Im using Dataproc to fetch data from some BigQuery tables and I'm being inundated with log INFO
messages from what I think is the BigQuery connector. I want to shut these off unless i hit an error. For example this is what i get:
22/07/15 14:24:04 INFO DirectBigQueryRelation: Going to read from pricing-dev.markdown_spark_temp._sbc_ecdac0aeeebedbdfdc7 columns=[MDS_FAM_ID, GEO_REGION_CD, OP_CMPNY_CD, ITEM_NBR, ITEM_DESC_1, UPC_NBR, BASE_DIV_NBR, CNTRY_NM, DEPT_NBR, DEPT_DESC, MDSE_CATG_NBR, MDSE_CATG_DESC, MDSE_SUBCATG_NBR, MDSE_SUBCATG_DESC, SUBCLASS_NBR, SUBCLASS_DESC, FINELINE_NBR, FINELINE_DESC, ACCTG_DEPT_NBR, ACCTG_DEPT_DESC, DEPT_SUBCATG_NBR, DEPT_SUBCATG_DESC, DEPT_C
They typically come from two sources DirectBigQueryRelation
and BigQueryUtilScala
. So far, this is what I have tried using based on some other questions similar to this:
class PipelineLogger():
def __init__(self, spark_session: SparkSession):
self.spark_session = spark_session
log4j = spark_session._jvm.org.apache.log4j
self.log_manager = log4j.LogManager
self.log_manager.getLogger('BigQueryUtilScala').setLevel(self.log_manager.Level.WARN)

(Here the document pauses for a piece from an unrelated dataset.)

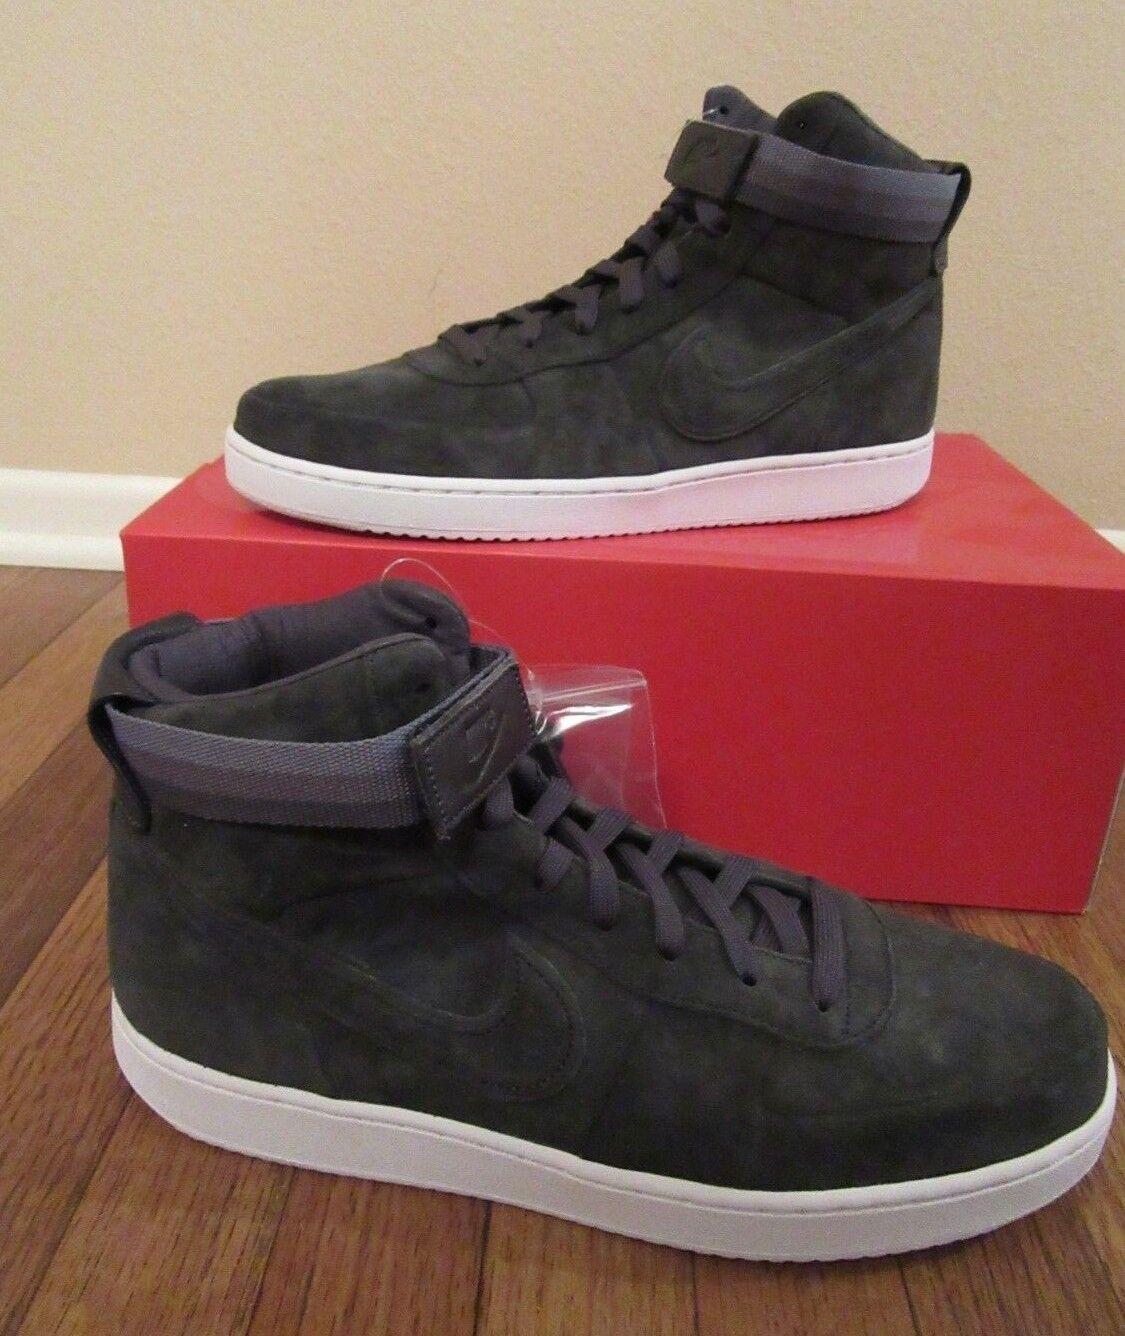 Nike Vandal High PRM Size 11.5 Anthracite White AH7171 002 John Elliott New NIB

self.log_manager.getLogger('DirectBigQueryRelation').setLevel(self.log_manager.Level.WARN)
self.logger = self.log_manager.getLogger(__name__)
self.info(f"Logger Initialized for App: {spark_session.sparkContext.getConf().get('spark.app.name')}")
However I'm still getting those INFO messages. Keep in mind that I use the self.logger
to log messages in a particular way for the rest of my pyspark code that does not have anything to do with BQ.
Any help would be appreciated.